*Supplied material*:
———
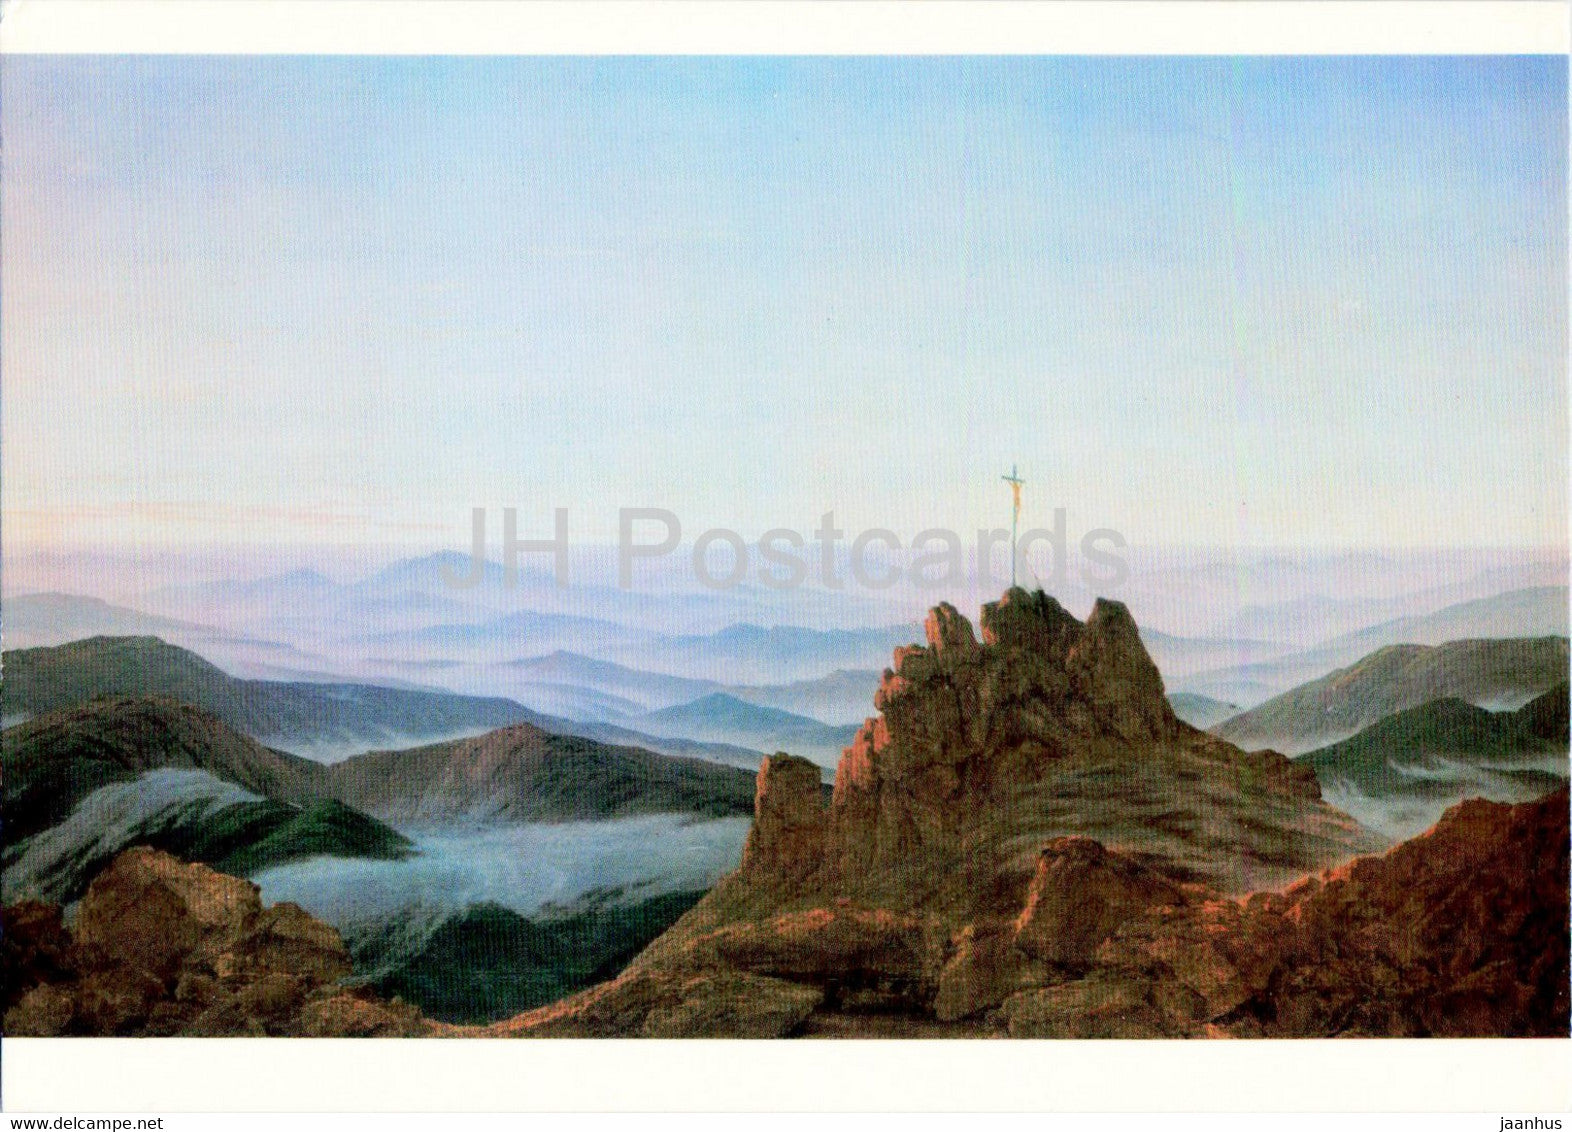 painting by Caspar David Friedrich - Das Kreuz im Riesengebirge - German art - Switzerland - unused - JH Postcards
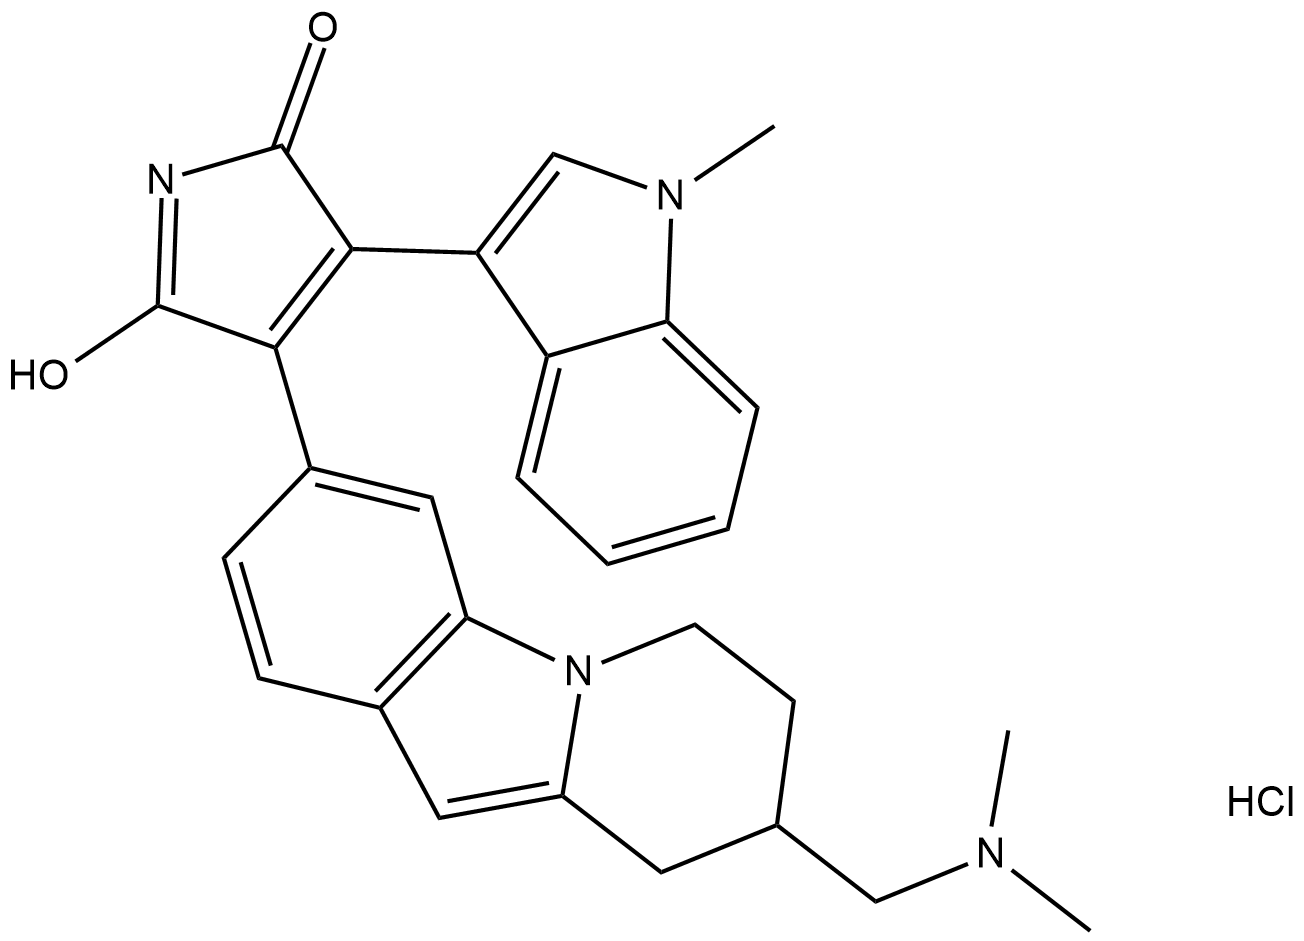 Bisindolylmaleimide XI (hydrochloride) Chemische Struktur
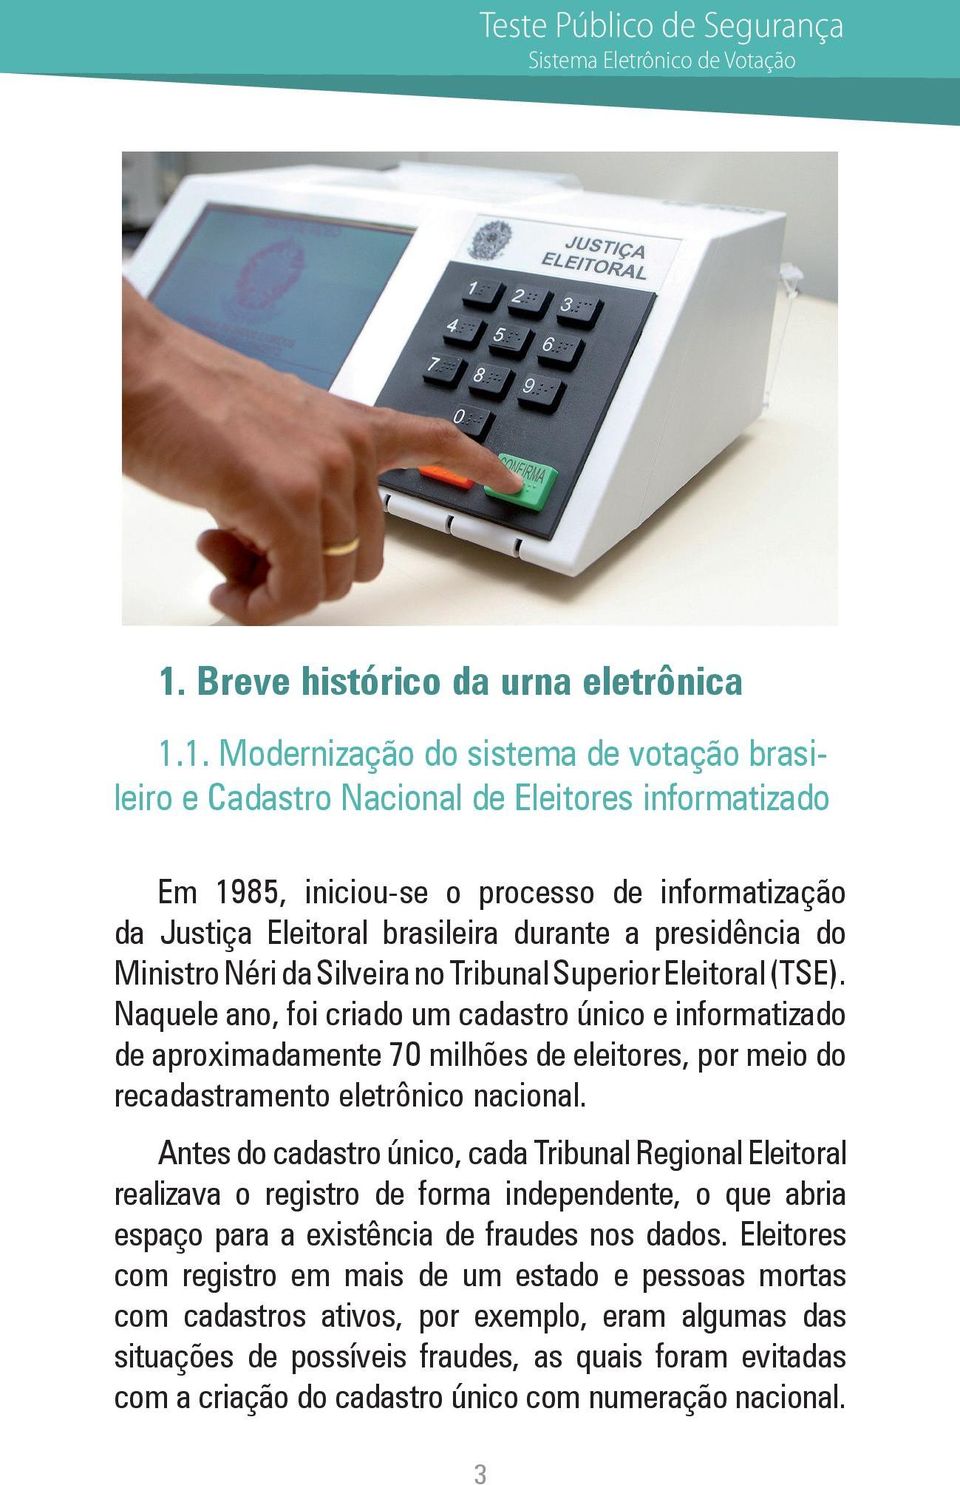 1. Modernização do sistema de votação brasileiro e Cadastro Nacional de Eleitores informatizado Em 1985, iniciou-se o processo de informatização da Justiça Eleitoral brasileira durante a presidência
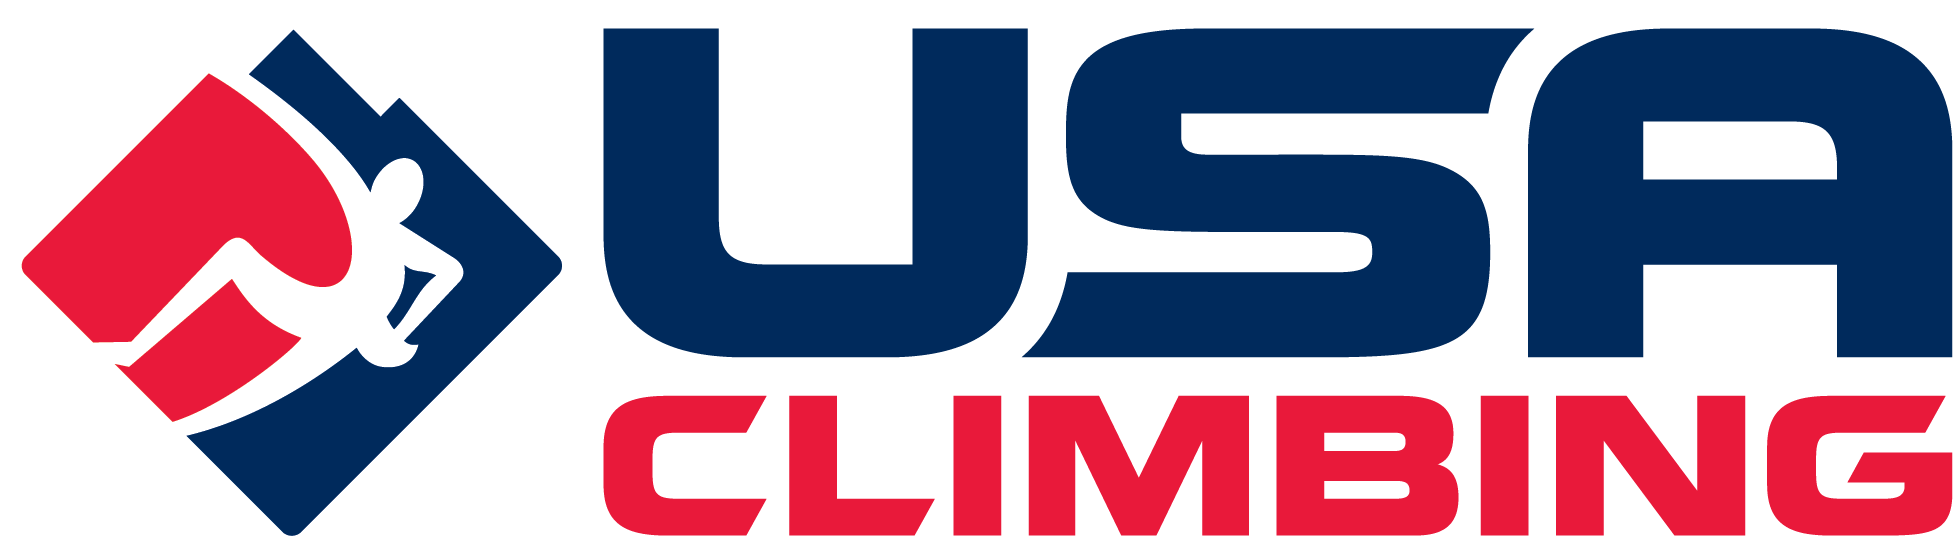 USA-Climbing-Logo-Horizontal.png
———
*Work required*:
The required output is the line containing "Bisindolylmaleimide XI (hydrochloride)" plus every line after it to the end of the data, copied exactly and with no pictures.

*Exercise output*:
 Bisindolylmaleimide XI (hydrochloride) Chemische Struktur
 1. Modernização do sistema de votação brasileiro e Cadastro Nacional de Eleitores informatizado Em 1985, iniciou-se o processo de informatização da Justiça Eleitoral brasileira durante a presidência
 USA-Climbing-Logo-Horizontal.png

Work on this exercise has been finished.